United Airlines turned heads in the late summer when it began planning numerous direct routes between northern US cities and sun destinations in Florida like Orlando, Tampa, Fort Myers and Fort Lauderdale.
Coming from a legacy carrier that had for years found its fortunes in the more-traditional hub-and-spoke network, the move suggested to the market that the Chicago-based industry behemoth anticipates it will be quite some time until the industry finds its “new normal” following what will soon be a year-long coronavirus crisis.
The carrier launched the new flights – which originate in Boston, Cleveland, Columbus, Indianapolis, Milwaukee, New York and Pittsburgh – in November and December, and will operate them through the traditional US spring break period, which ends in April.
This partial departure from a traditional operating model in the coming cold-weather months, and possibly beyond, signals that US mainline carriers are trying new strategies to remain relevant and competitive, and to make up for lost business travel revenue. They may be doing so for quite some time.
“Carriers are out there trying to come up with other ways of generating revenue,” says Stephen Trent, Citigroup’s director of research for airlines in the Americas. “Point-to-point activity is consistent with that pivot, which, I imagine, could persist until we see a fairly meaningful pick up in business travel and in international long-haul travel.”
Don’t start looking for that until the second half of 2021, he adds.
The new flights are designed to attract more potential winter-weary holidaymakers away from no-frills vacation specialists like Spirit Airlines, Allegiant Air and Frontier Airlines.
They promise more comfort and eliminate the need to change aircraft in busy hub airports – a factor airlines hope coronavirus-cautious customers will find more attractive and less risky. It is part of a “proactive and demand-driven approach to offer more opportunities” for customers to get away from the damp, dark winter, United said at the time.
United is not the only US legacy carrier searching for business and revenue between the proverbial sofa cushions. In July, Fort Worth-based American Airlines announced a “strategic partnership” with JetBlue Airways, headquartered in New York, under which they propose to operate codeshare flights and offer reciprocal frequent flier benefits.
The agreement focuses on flights in the northeast USA, particularly from Boston and New York.
The codeshares bring 60 new American routes into JetBlue’s network and 130 JetBlue routes into American’s operation, and allow customers to book those flights via either airline.
Alaska Airlines also said earlier this year that it planned to join American’s Oneworld alliance as a full member by mid-2021, allowing American to connect flights through the Seattle-based carrier’s West Coast network.
“Even if the airlines are not directly offering [point-to-point routes], they are indirectly going that way in trying to use other airlines’ metal,” Trent says.
But uncertainties about the trends of the coronavirus and its broader impact on the passenger air travel industry remain.
Potential guests still face a patchwork of ever-changing travel restrictions, both abroad and within the USA. Numerous regions have re-imposed quarantine requirements as case counts rise, and the longest peaceful border in the world, between Canada and the USA, remains closed for non-essential travel.
Vacation spots like Mexico and Florida are mostly open, but public health officials worldwide continue to encourage people to stay home in order to mitigate the spread of the virus. Popular attractions like amusement parks either remain shuttered or have closed again in the wake of a third infection wave. Sports and cultural events have been curtailed or cancelled entirely. This makes planning a trip even more difficult as long as the pandemic rages on.

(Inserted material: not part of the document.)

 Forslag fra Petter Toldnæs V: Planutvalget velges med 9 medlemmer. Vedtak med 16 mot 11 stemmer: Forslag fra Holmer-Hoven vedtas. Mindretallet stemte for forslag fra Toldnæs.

“The lights at the end of the tunnel may be getting more numerous, but also more distant,” writes Mike Boyd, president of Boyd Group International. “We have an airline industry that simply has not yet adjusted to the economic damage done.”

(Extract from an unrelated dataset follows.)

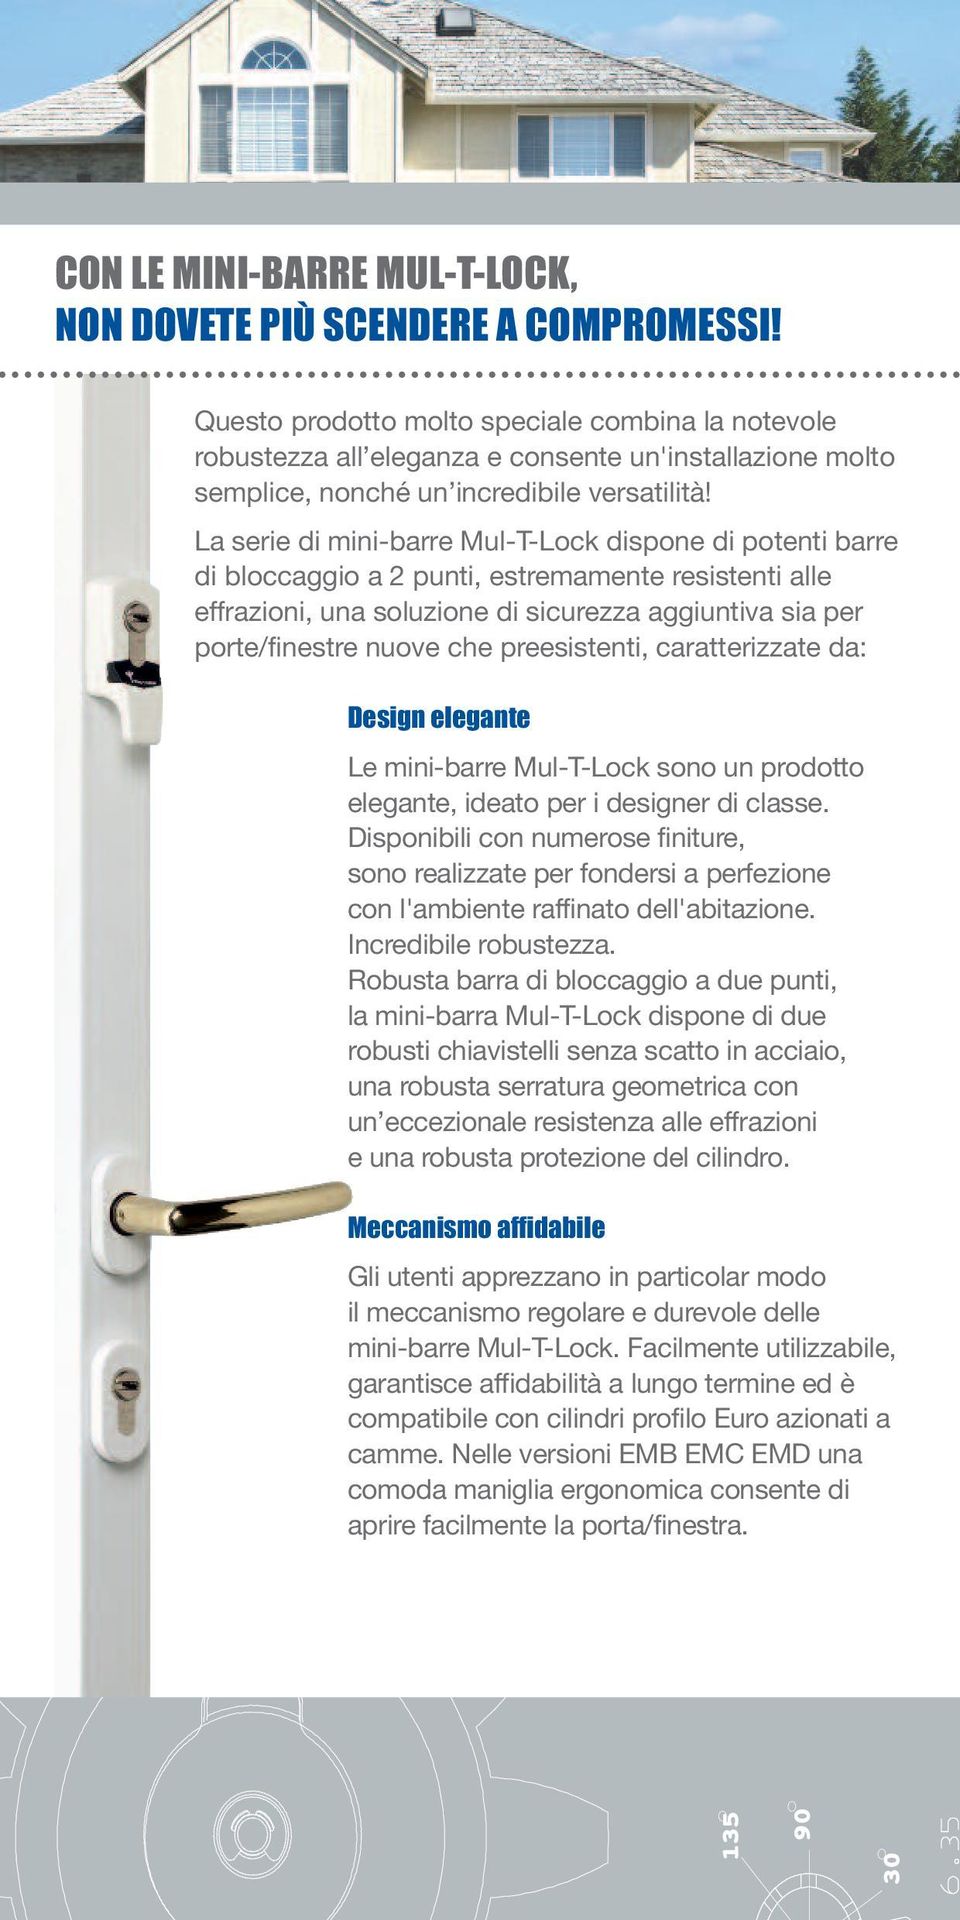 La serie di mini-barre Mul-T-Lock dispone di potenti barre di bloccaggio a 2 punti, estremamente resistenti alle effrazioni, una soluzione di sicurezza aggiuntiva sia per porte/finestre nuove che

With airlines currently possessing about 30% more aircraft than they actually need, they are in “survival mode”, he adds.

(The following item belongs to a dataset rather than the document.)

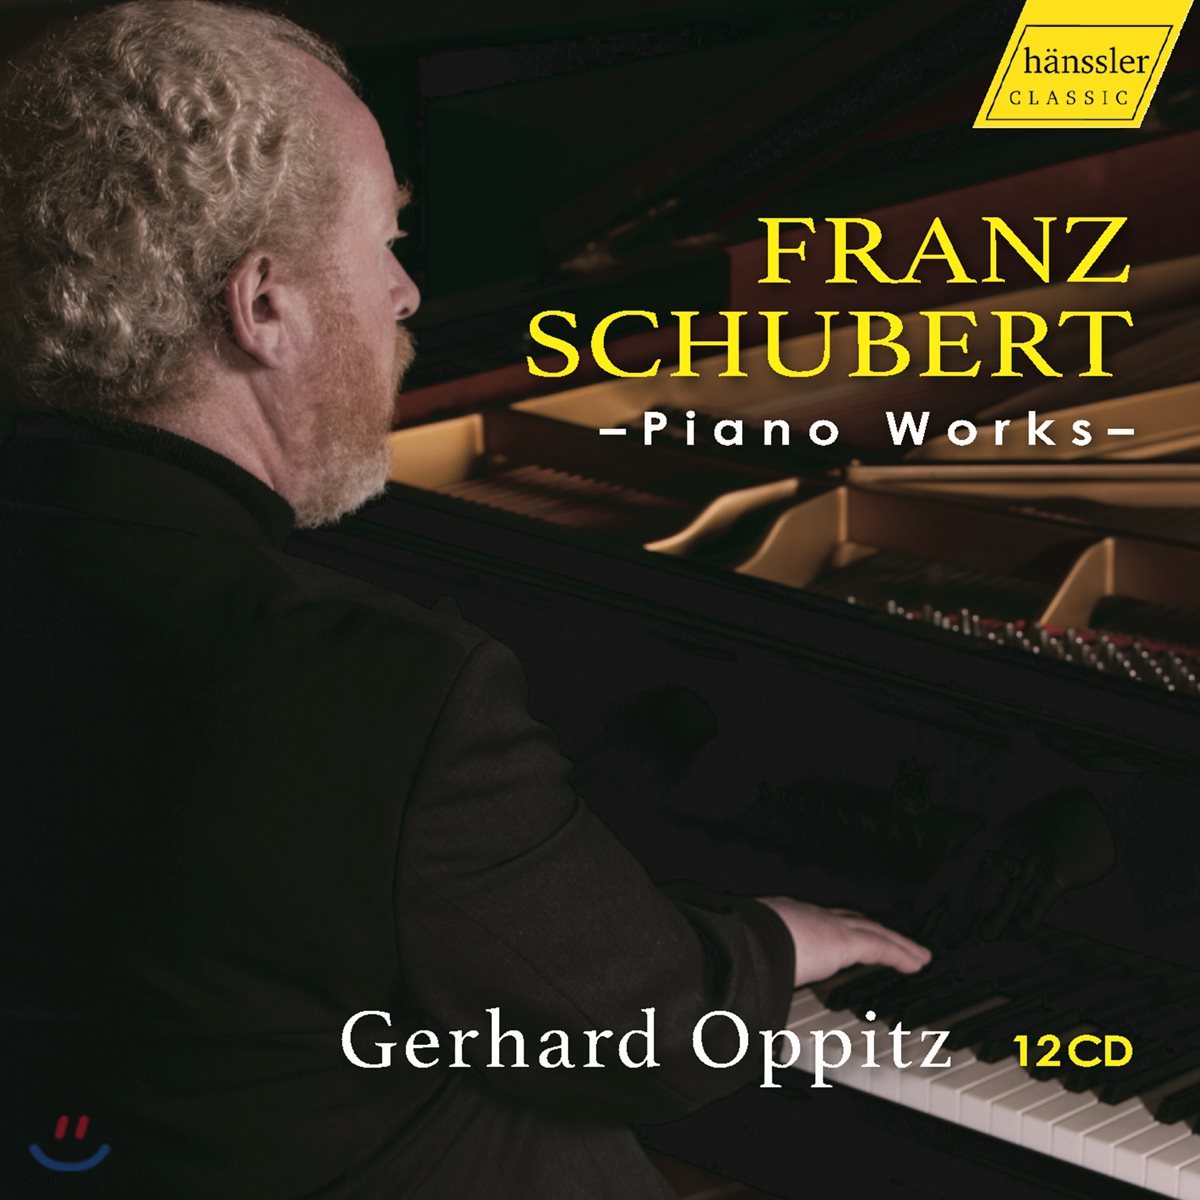 Gerhard　Works)　작품집　피아노　(Schubert:　오피츠　Piano　Oppitz　예스24　게르하르트　슈베르트:

By the end of the second quarter next year, he says the air transport system will be “very different and a lot smaller than was projected just nine months ago”.
But strategies like adding direct routes and bringing modern, more-efficient aircraft – including the newly-re-certificated Boeing 737 Max – back into fleets, will help increase efficiency as the entire industry gets used to a more challenging money-making environment.
Airline industry observers agree that the availability of an effective and safe vaccine will be the kick-start the industry needs to build back. With several vaccines now on the way, immunisation is set to begin as early as the end of this year.
Even so, it will likely take the more-lucrative corporate travel segment another six to twelve months to return. Companies will need to re-think their travel policies, reconsider risks to employees, and reallocate budget.
“It could be the second half of next year until international long-haul and business travel start to spool up again in any meaningful way,” CItigroup’s Trent says.
And any 2021 year-on-year comparisons will look like progress. Capacity and demand in the coming months will surely be above those in the early part of 2020, but that’s where the positive news ends.
“Going from 300 feet underwater to 100 feet underwater is a nice metric – but you’re still underwater,” Boyd says.